Sometimes pregnancy complications are insurmountable, but more often, lives could be saved with the timely intervention of a trained professional, explained San Francisco, California obstetrician Anne Foster-Rosales, United States technical advisor for the Save the Mothers project in Central America.

Save the Mothers, a project of the International Federation of Gynecology and Obstetrics, fosters partnerships between physicians in the U.S., Sweden, Canada, Italy and the United Kingdom and practitioners in Central America, Ethiopia, Uganda, Pakistan and Mozambique to decrease maternal and infant mortality in the developing nations.

"The last thing we want to do is impose our world view," said Foster-Rosales, who has visited various Central American locations on training missions more than half a dozen times since 1984. "But we help them to think through new, creative ways to overcome geographic or bureaucratic barriers to care."

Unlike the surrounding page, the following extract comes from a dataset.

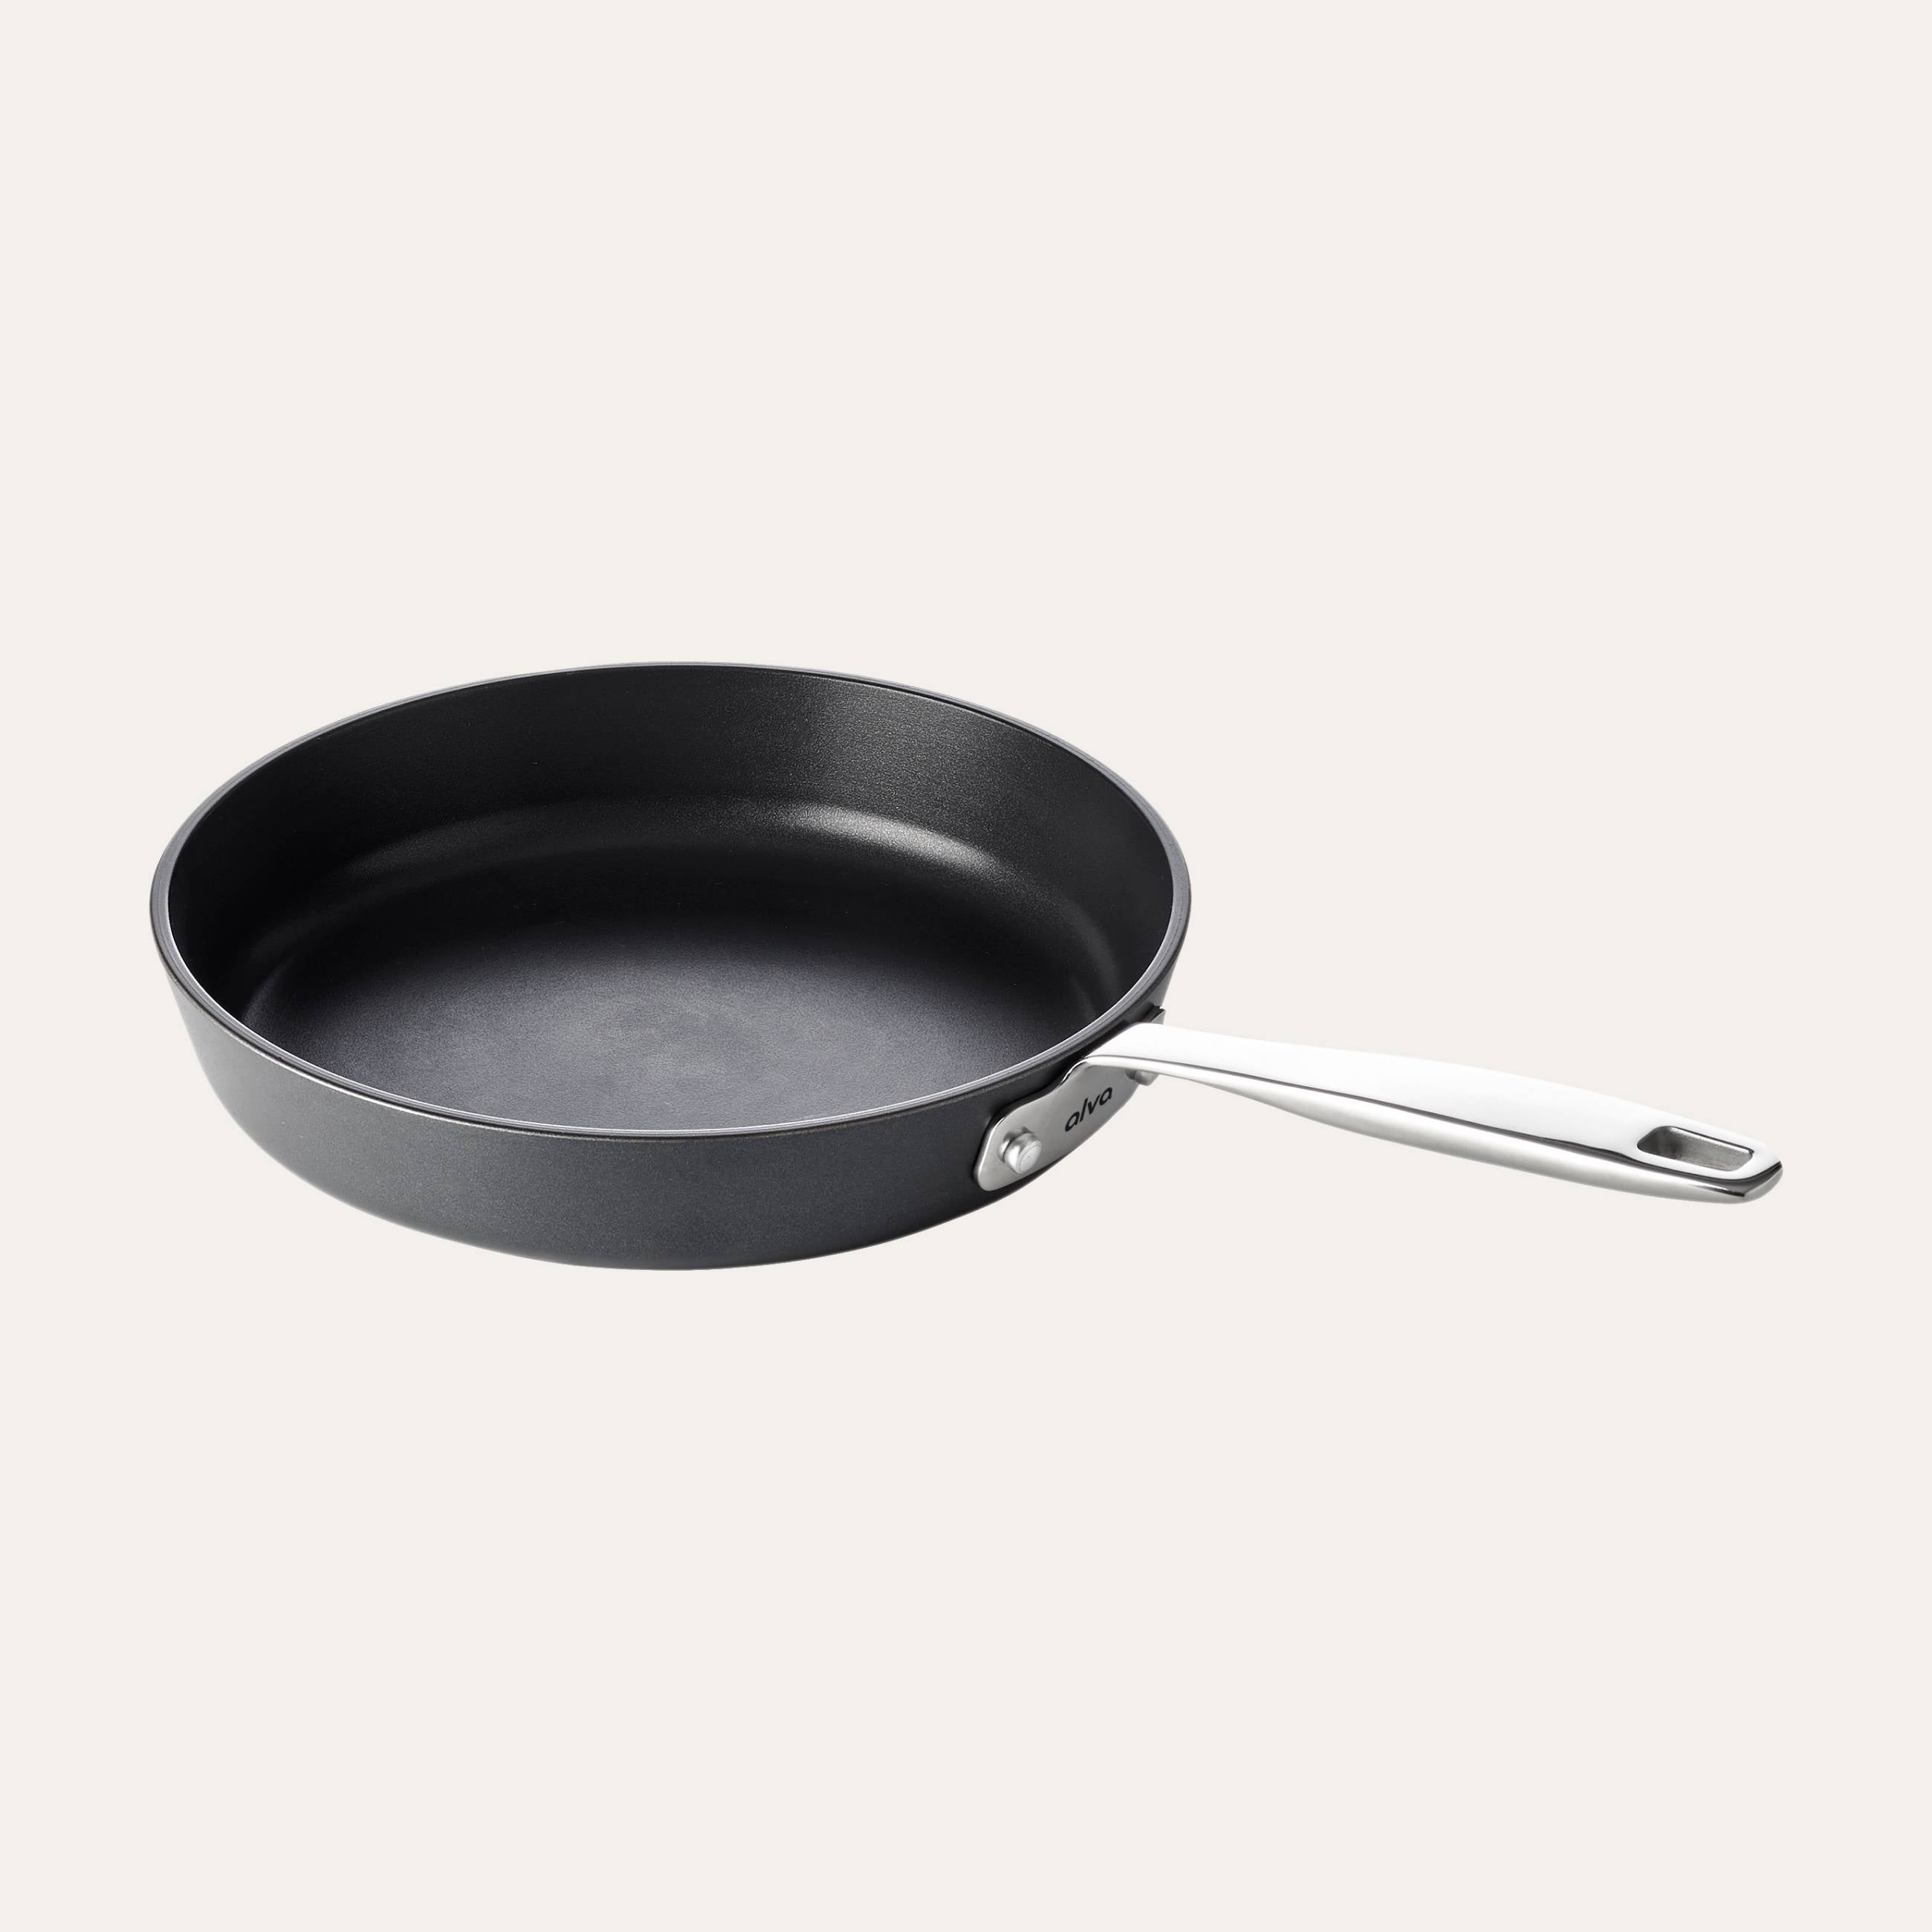 PFAS-free cookware: A non-toxic, nonstick fish pan for your kitchen

Such intervention can have real results.

Antonia Chapeta Querma of Guatemala delivered her sixth child -- a healthy baby -- last year at the age of 32. But after the birth, she began to bleed uncontrollably.

Because Dr. Juan Gonzalez at the rural health center in Solola had received training just a few months previously in recognizing and treating postpartum bleeding, he was able to save Querma's life.

Lack of care

"In Latin America, there tend to be enough rural health centers and enough hospitals, but there aren't enough rural health centers providing basic emergency care," said Foster-Rosales, who has lived in Nicaragua, Mexico and El Salvador. "It's a problem of distribution."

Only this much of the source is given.